Friday, May 7, 2010

Iron Man 2 is a solid second installment

Robert Downey Jr. proved to be the prototypical anti-hero superhero in Iron Man. A self aggrandizing, cocky war profiteer who under pressure and captivity builds a suit of armor and changes his ethos to become the man who brings America into an era of world peace. Yet at the same time retaining his character flaws, like the best superheroes before him, but without the sincere earnestness of Superman or the brooding scowl of Batman. Tony Stark is a superhero in the age of political polarity and the anxiety of terrorism.
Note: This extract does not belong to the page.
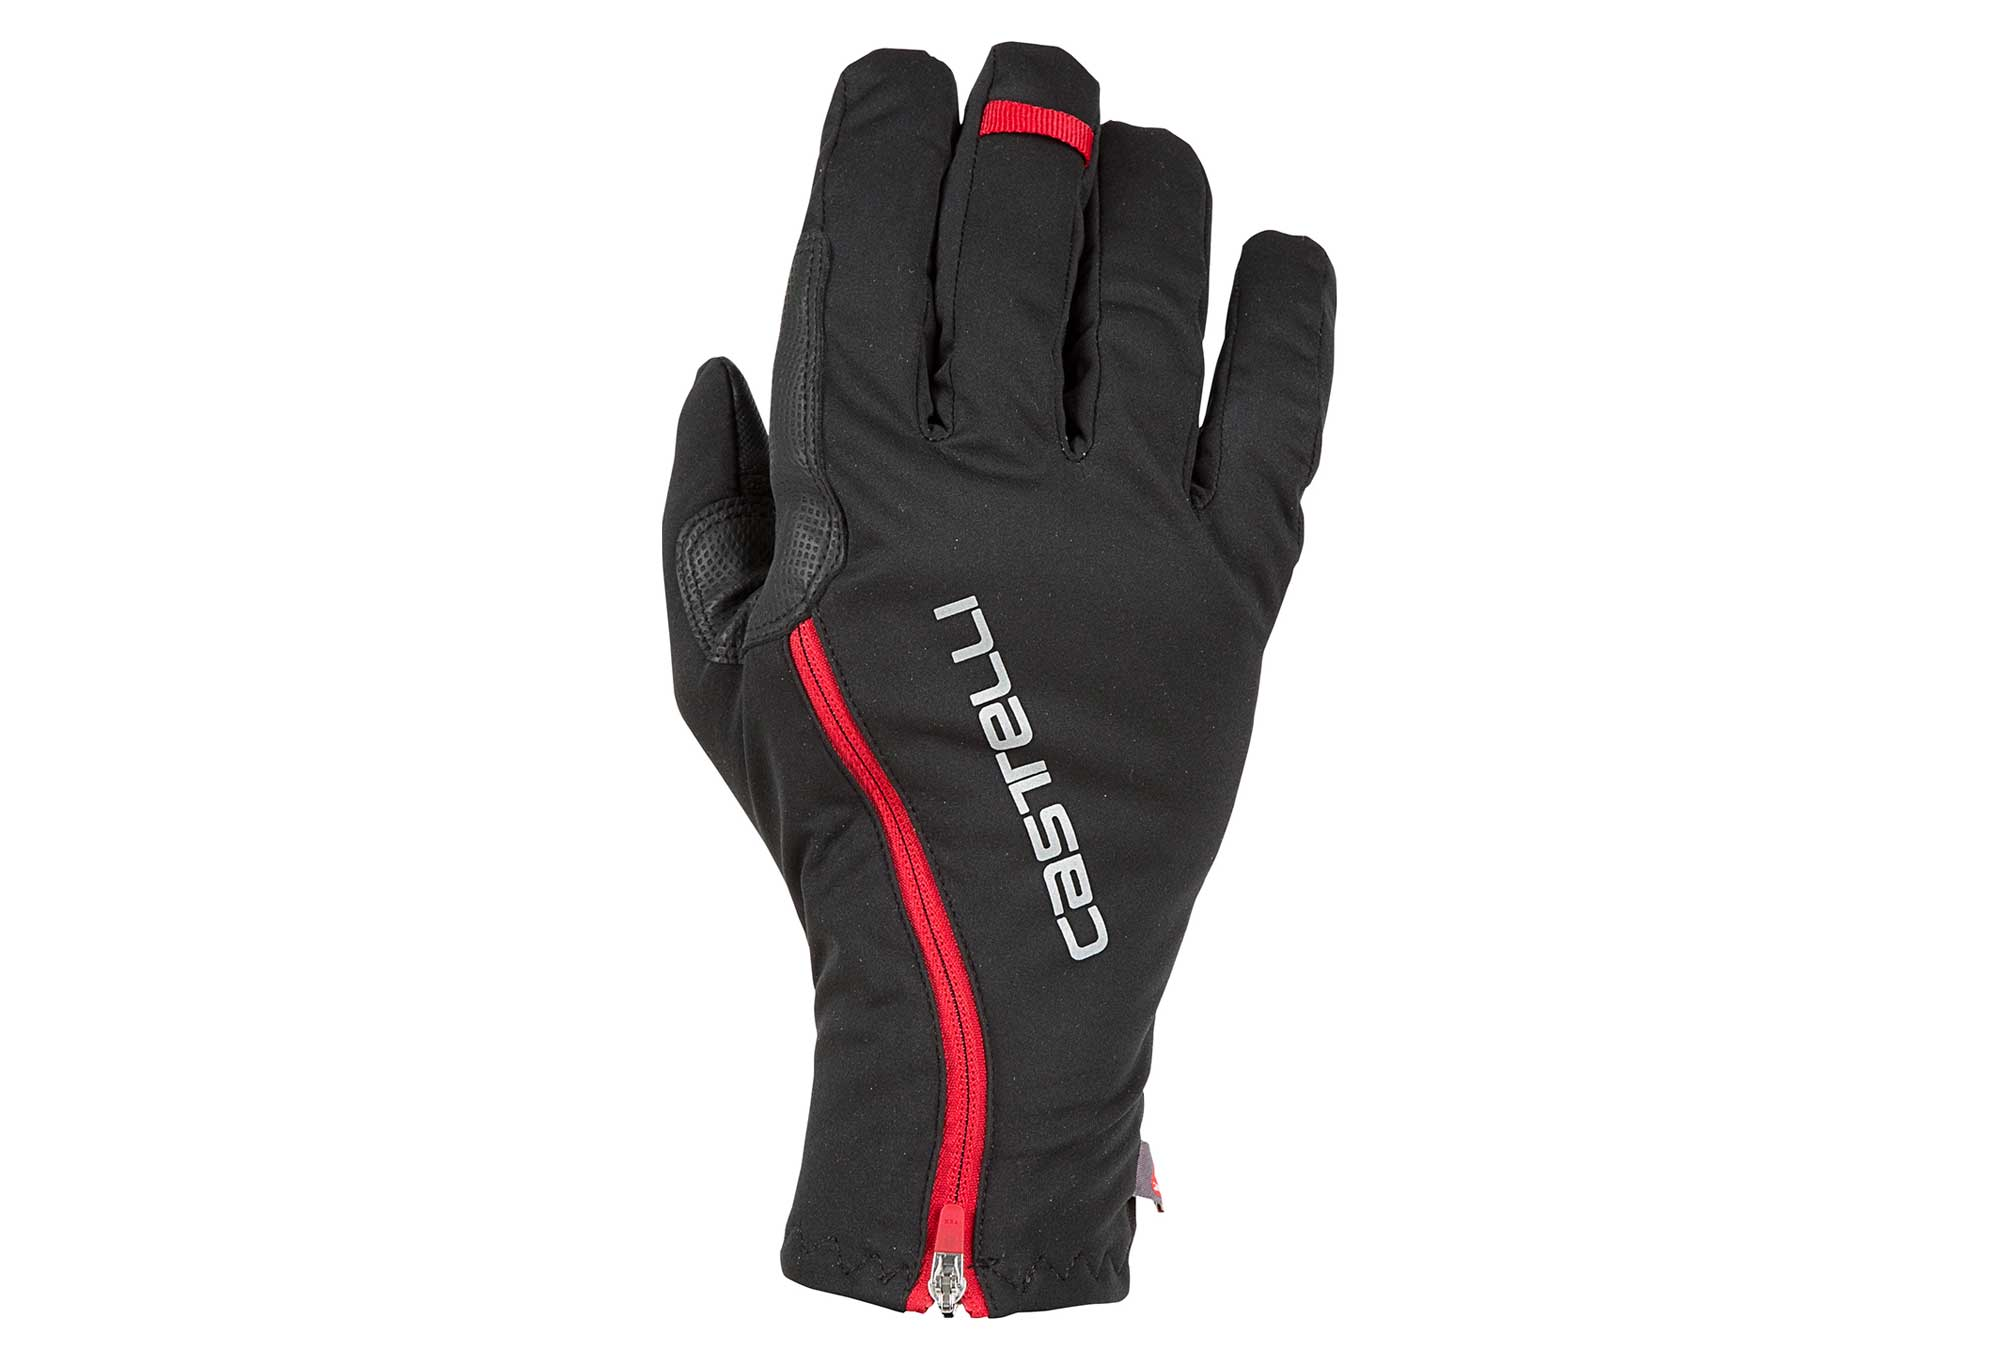 Castelli Spettacolo RoS Winter Gloves Black Red

Who better than a hard drinking, conceited billionaire to save the day?

Of course Stark is hiding something in Iron Man 2. Beneath his arrogant but charismatic public persona is a frail and lonely man whose synthetic heart is dying on him and poisoning his blood. Can Stark withstand government interference (they want to confiscate his Iron Man suits) and battle a new enemy amidst his health problems? The enemy in question is Ivan Vanko (Mickey Rourke) a Russian physicist who has a grudge against the Stark legacy. No doubt if you've seen the trailers, you know what he's physically capable of. Vanko is hired by sleazy arms dealer Justin Hammer (Sam Rockwell) He's a kind of Lex Luthor type who gets in way over his head in his devious dealings.

We also get Samuel L. Jackson expanding his Nick Fury role and Scarlett Johannson in a sexy and confident turn as Stark's new secretary who may be more than she seems. Gywneth Paltrow gamely reprises her role as Pepper Potts, Stark's long suffering but loyal secretary who gets promoted to CEO of Stark Industries. Taking over the role of Col. James "Rhodey" Rhodes from Terrence Howard is the talented and versatile Don Cheadle.
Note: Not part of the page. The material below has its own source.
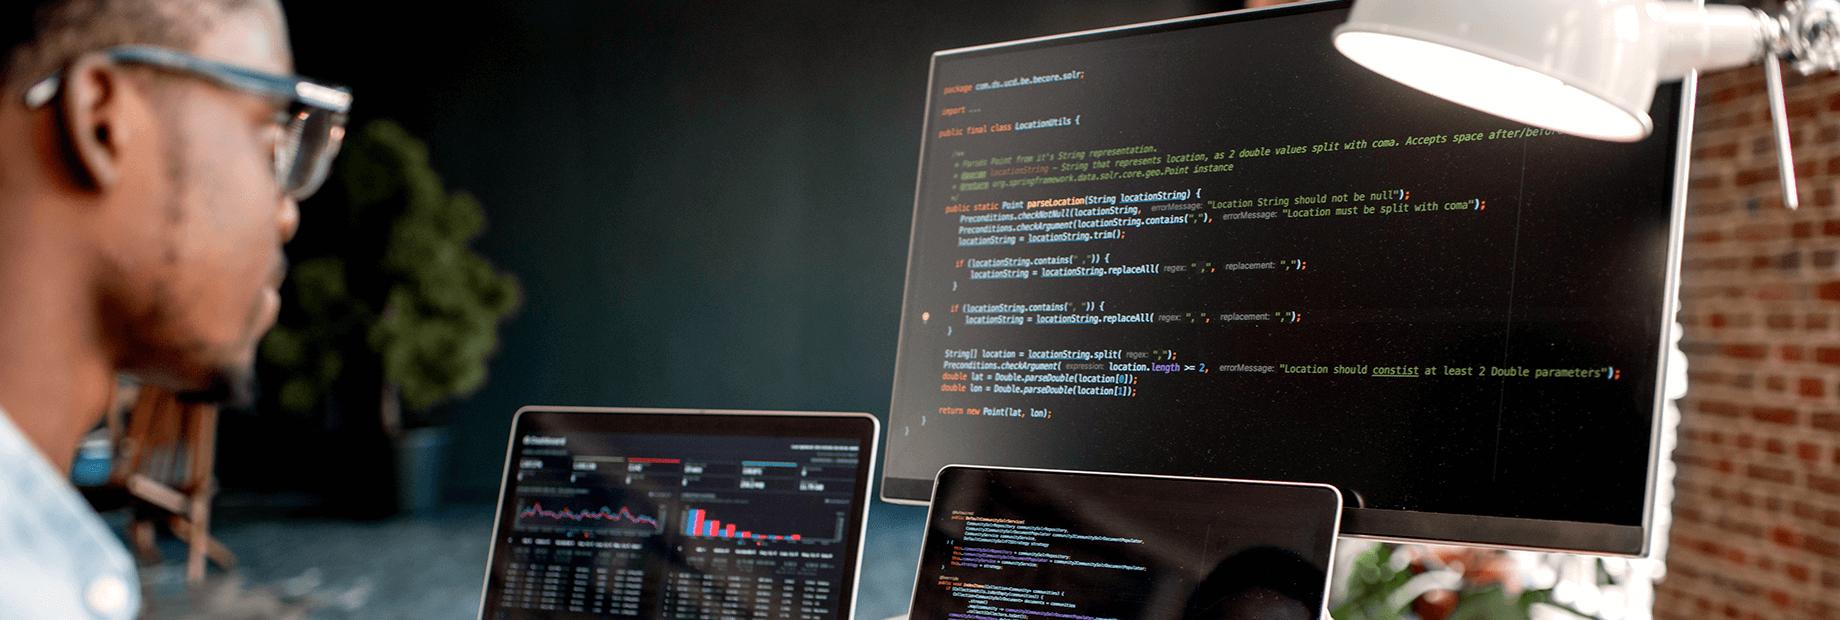 Web development employee working on computer

Iron Man 2 delivers the goods the way a proper sequel should. It carries on what the first film started with a fast and breezy pace. It balances it's dramatic action with sly humor and in the middle of all the improbable chaos are likable and human characters. Even in his first scene, Ivan is allowed some humanity.

Before the film started, I sat through the trailers and saw at least three coming attractions that were of course upcoming 3-D movies. As this resurgence in the old fashioned craze of 3-D continues toward the summer movie season, it's refreshing to see a blockbuster that not only keeps things in 2-D but also gives us a smart and witty screenplay (by Justin Theroux) and sequences where shit gets blowed up real good. Who says you can't have it both ways?